Load in the packages:

In [1]:
import pandas as pd
import numpy as np
import matplotlib.pyplot as plt
import scipy as sp
import statsmodels.api as sm
import statsmodels.formula.api as smf

2.6 Example

Read in the Galapagos data and check the first few lines:

In [2]:
gala = pd.read_csv("data/gala.csv", index_col=0)
gala.head()
Out[2]:
Species Endemics Area Elevation Nearest Scruz Adjacent
Baltra 58 23 25.09 346 0.6 0.6 1.84
Bartolome 31 21 1.24 109 0.6 26.3 572.33
Caldwell 3 3 0.21 114 2.8 58.7 0.78
Champion 25 9 0.10 46 1.9 47.4 0.18
Coamano 2 1 0.05 77 1.9 1.9 903.82

Drop the endemics variable permanently from the data frame:

In [3]:
gala.drop('Endemics', axis=1, inplace=True)
gala.head()
Out[3]:
Species Area Elevation Nearest Scruz Adjacent
Baltra 58 25.09 346 0.6 0.6 1.84
Bartolome 31 1.24 109 0.6 26.3 572.33
Caldwell 3 0.21 114 2.8 58.7 0.78
Champion 25 0.10 46 1.9 47.4 0.18
Coamano 2 0.05 77 1.9 1.9 903.82

Fit a linear model

In [4]:
lmod = smf.ols(formula='Species ~ Area + Elevation + Nearest + Scruz  + Adjacent', data=gala).fit()
lmod.summary()
Out[4]:
OLS Regression Results
Dep.
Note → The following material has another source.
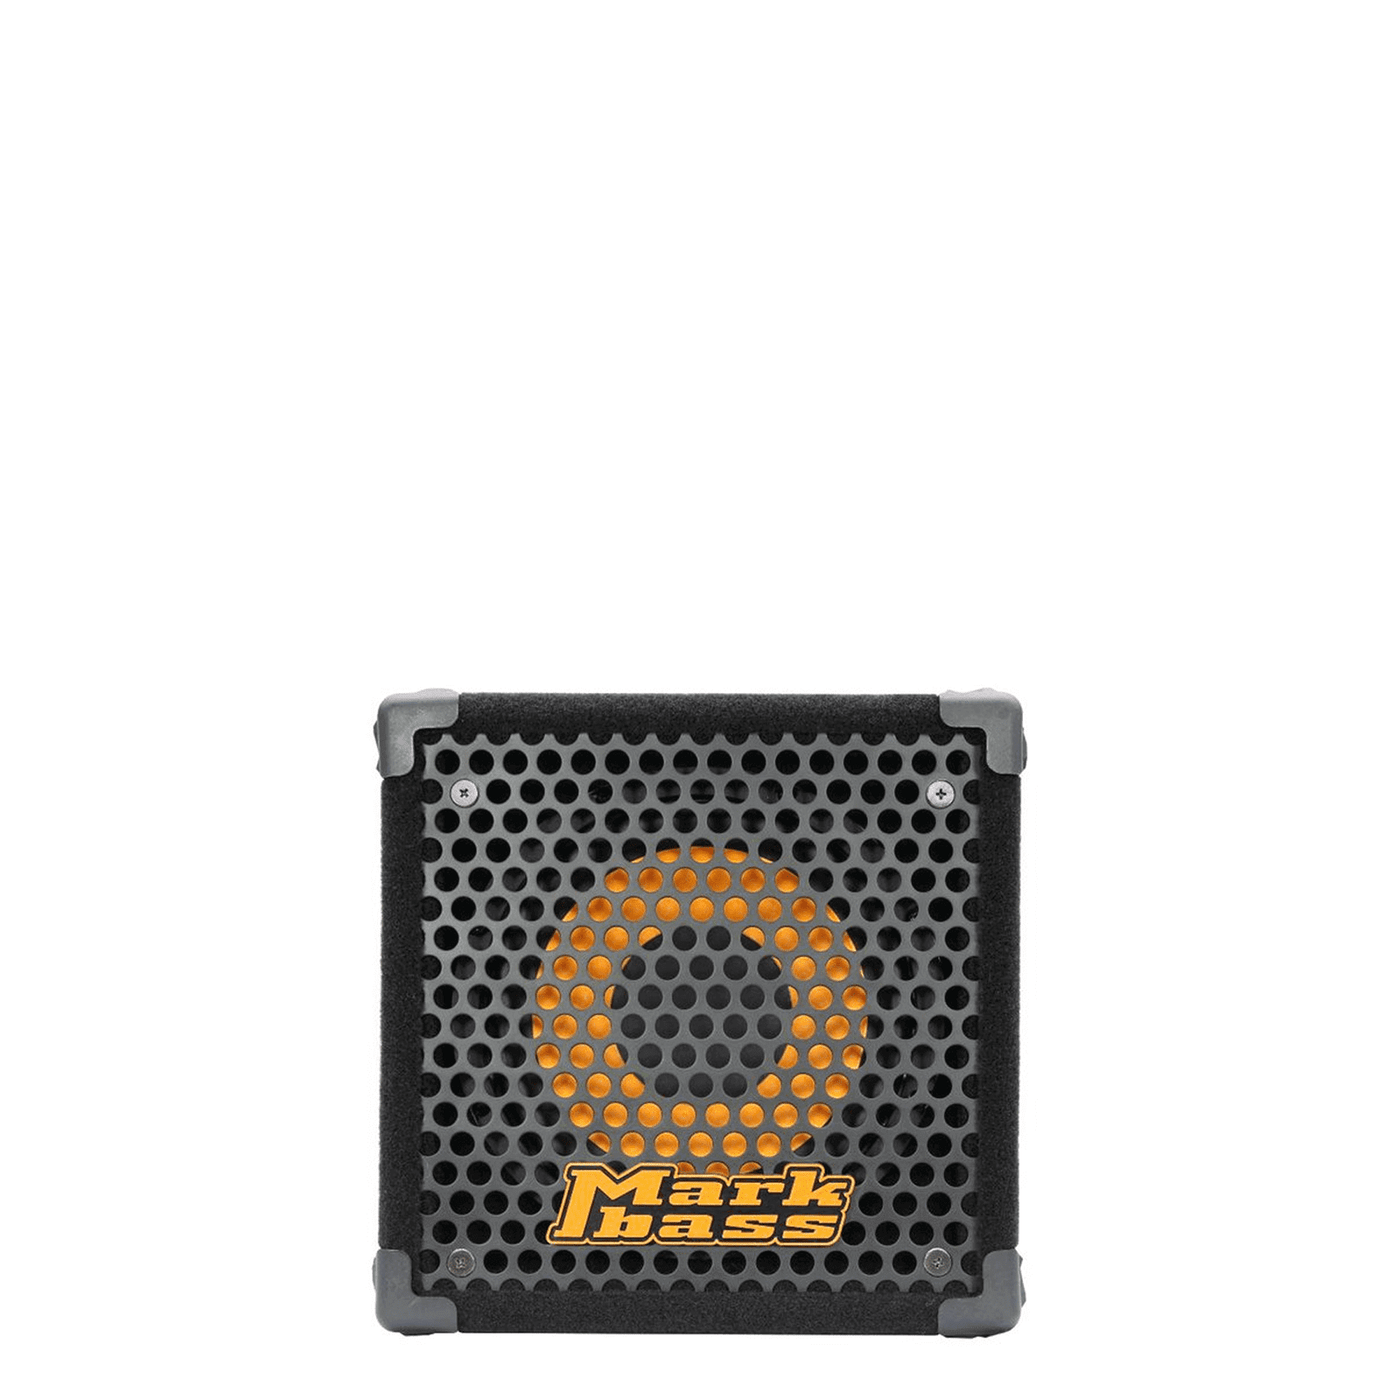 Markbass Micromark 801 Combo - The Micromark now has a big brother—one who is still small enough to deliver the Markbass sound anywhere, but big enough to provide a fuller sound with plenty of bottom end!The Micromark 801 features a single yellow 8” Markb

Variable: Species R-squared: 0.766
Model: OLS Adj. R-squared: 0.717
Method: Least Squares F-statistic: 15.70
Date: Wed, 26 Sep 2018 Prob (F-statistic): 6.84e-07
Time: 11:13:58 Log-Likelihood: -162.54
No. Observations: 30 AIC: 337.1
Df Residuals: 24 BIC: 345.5
Df Model: 5
Covariance Type: nonrobust
coef std err t P>|t| [0.025 0.975]
Intercept 7.0682 19.154 0.369 0.715 -32.464 46.601
Area -0.0239 0.022 -1.068 0.296 -0.070 0.022
Elevation 0.3195 0.054 5.953 0.000 0.209 0.430
Nearest 0.0091 1.054 0.009 0.993 -2.166 2.185
Scruz -0.2405 0.215 -1.117 0.275 -0.685 0.204
Adjacent -0.0748 0.018 -4.226 0.000 -0.111 -0.038
Omnibus: 12.683 Durbin-Watson: 2.476
Prob(Omnibus): 0.002 Jarque-Bera (JB): 13.498
Skew: 1.136 Prob(JB): 0.00117
Kurtosis: 5.374 Cond. No. 1.90e+03


Warnings:
[1] Standard Errors assume that the covariance matrix of the errors is correctly specified.
[2] The condition number is large, 1.9e+03. This might indicate that there are
strong multicollinearity or other numerical problems.

The warnings can be ignored for now. The first is always assumed. The second can be a problem.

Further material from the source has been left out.